A/N: Kay, so this is totally short... But don't worry adoring friends, the chapters after it will be much longer~! *Cricket chirps* Uh... Review and such? Oh! And this stories gonna be pretty much revolving around yaoi, death... all that good stuff. So, don't like, don't read. Enjoy~!
Disclaimer: Don't own Hetalia or Arthur Kirkland... *muffled noises coming from closet* ...I don't!
"Forgive me father, for I have sinned. It's been... A while, since my last confession."
"…What sins have you to confess?"
I rake my trembling fingers through my shaggy blonde hair. Take a few shaky breaths. God, I'm a mess. A sniveling, bleeding, mess. Oh and I just reek of sin. Surely, Father can smell it? Got a whiff of my pact with Satan himself? Well… If he does, he shows no sign of his knowledge. I let out a strangled cry. Rest my head on the screen that separated me from the man so Holy, that surely… he could bless me. Cleanse me. Save me. Me. Who is me? I bet you'd like to know…
Arthur Kirkland, due at his wedding in a mere hour.
Arthur Kirkland, the suspect for the gruesome murder of his best friend.
Arthur Kirkland, twenty-three year old prostitute.
Arthur Kirkland, Satan's right hand man.
Arthur Kirkland, tweaker.
Arthur Kirkland, well… Need I say more?
I suppose once upon a time I would've gagged at these doings. Would've vomited up my pure soul, unable to digest such horrid things. I was a virgin, then. In more ways than one. I didn't know the wonderful feeling of a needle to my veins, shooting up dreams and promises that will no doubt be broken in the morning. I didn't know what "The Dragon" even was... Until I chased it. Oh, God... Satan has been good to me. He always has something that will take my pain away. I love him for that. And hate him. Hate myself, too. I'm quite the disgusting man nowadays... I think I'd even give my own brother a sexual favor, if it meant I'd get something into my system that helped me cope. Forget. I have to rememer right now, though. Can't escape. Can't.

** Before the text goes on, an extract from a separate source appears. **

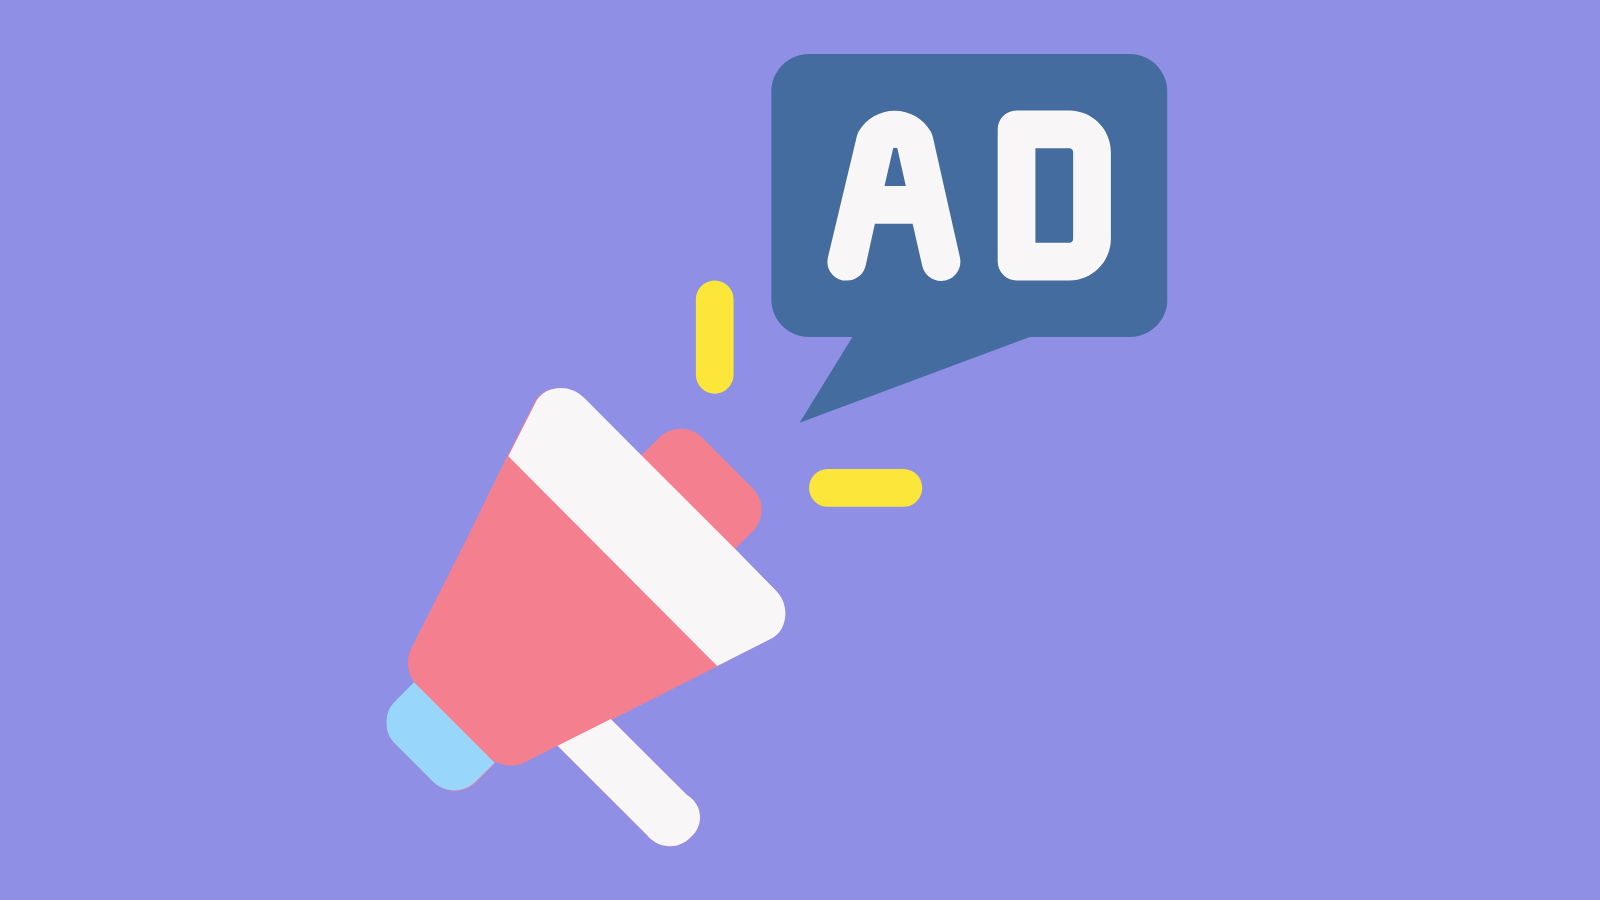 A megaphone with a speech bubble that says ad pointing to it (1)

I exhale. Try to get myself together so I can tell the tale of my descent to the pleasent place I know now only as Hell. Every day I lose a bit of myself. I'm just fragments of the proud Brit I once was. The man that would laugh if he were told he'd end up like this. Covered in bruises and little marks that proved he needed an out other than tea and scones. Would've laugh himself dry, if he was told he'd be out on the streets willingly. Not a care in the world for disease or pride. After all, he doesn't have much dignity left... And a disease would probably help him kick the bucket faster, as he very much wants to do. To die. Yes, that's what I want. However, I must confess first. Beg for forgiveness.

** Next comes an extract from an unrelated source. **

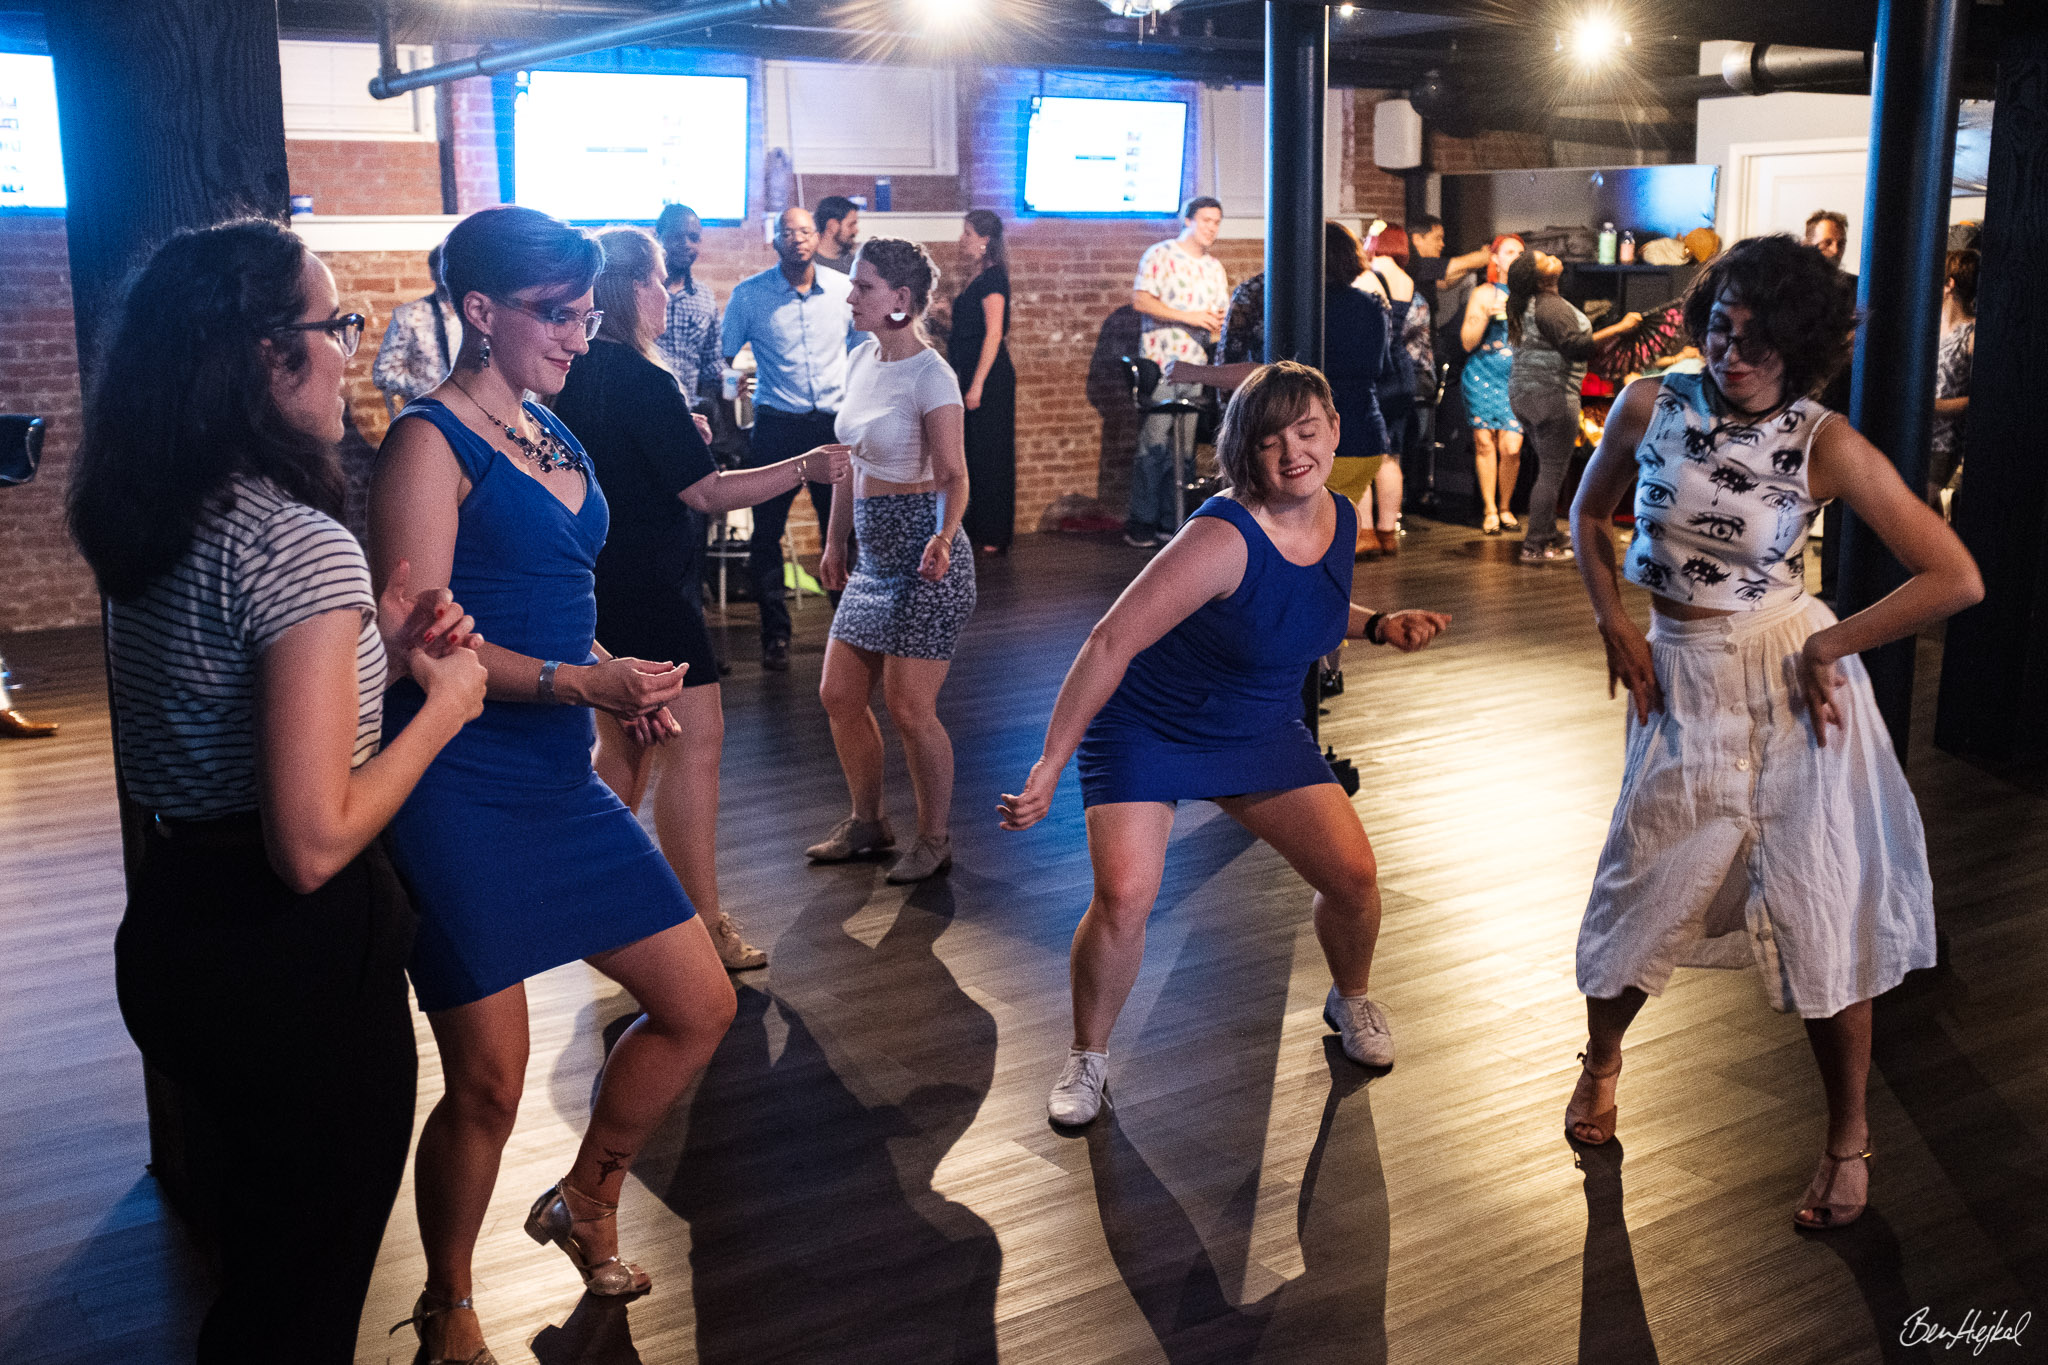 A full dance floor at a dance event. In the center of the frame four femmes dance solo, riffing on one another's moves.

"T-The story… It's long." I manage to gasp out between my pathetic sobs. The man on the other side is silent for a moment. "…Alright. Tell me your tale, child." And so, with a strength I did not know I had, I suck up whatever it is that keeps me from speaking. Confessing. Its been a while since I've been in a church… Well, if you don't count wedding rehearsals. I lick my busted lips. Taste the drying substance that was oh so like copper. A pill. A needle. God, even a pipe would do! Even if only for a second, it could take me to nirvana. Oh, and I'd be so happy… Happy at last. But no. I have a story to tell, and I'll tell it sober… I must. "O-Okay… Please bear with me, Father."
And so I began the tall tale from the very beginning, when I was a sensible man… A man that would never even contemplate the things I've done. I miss him.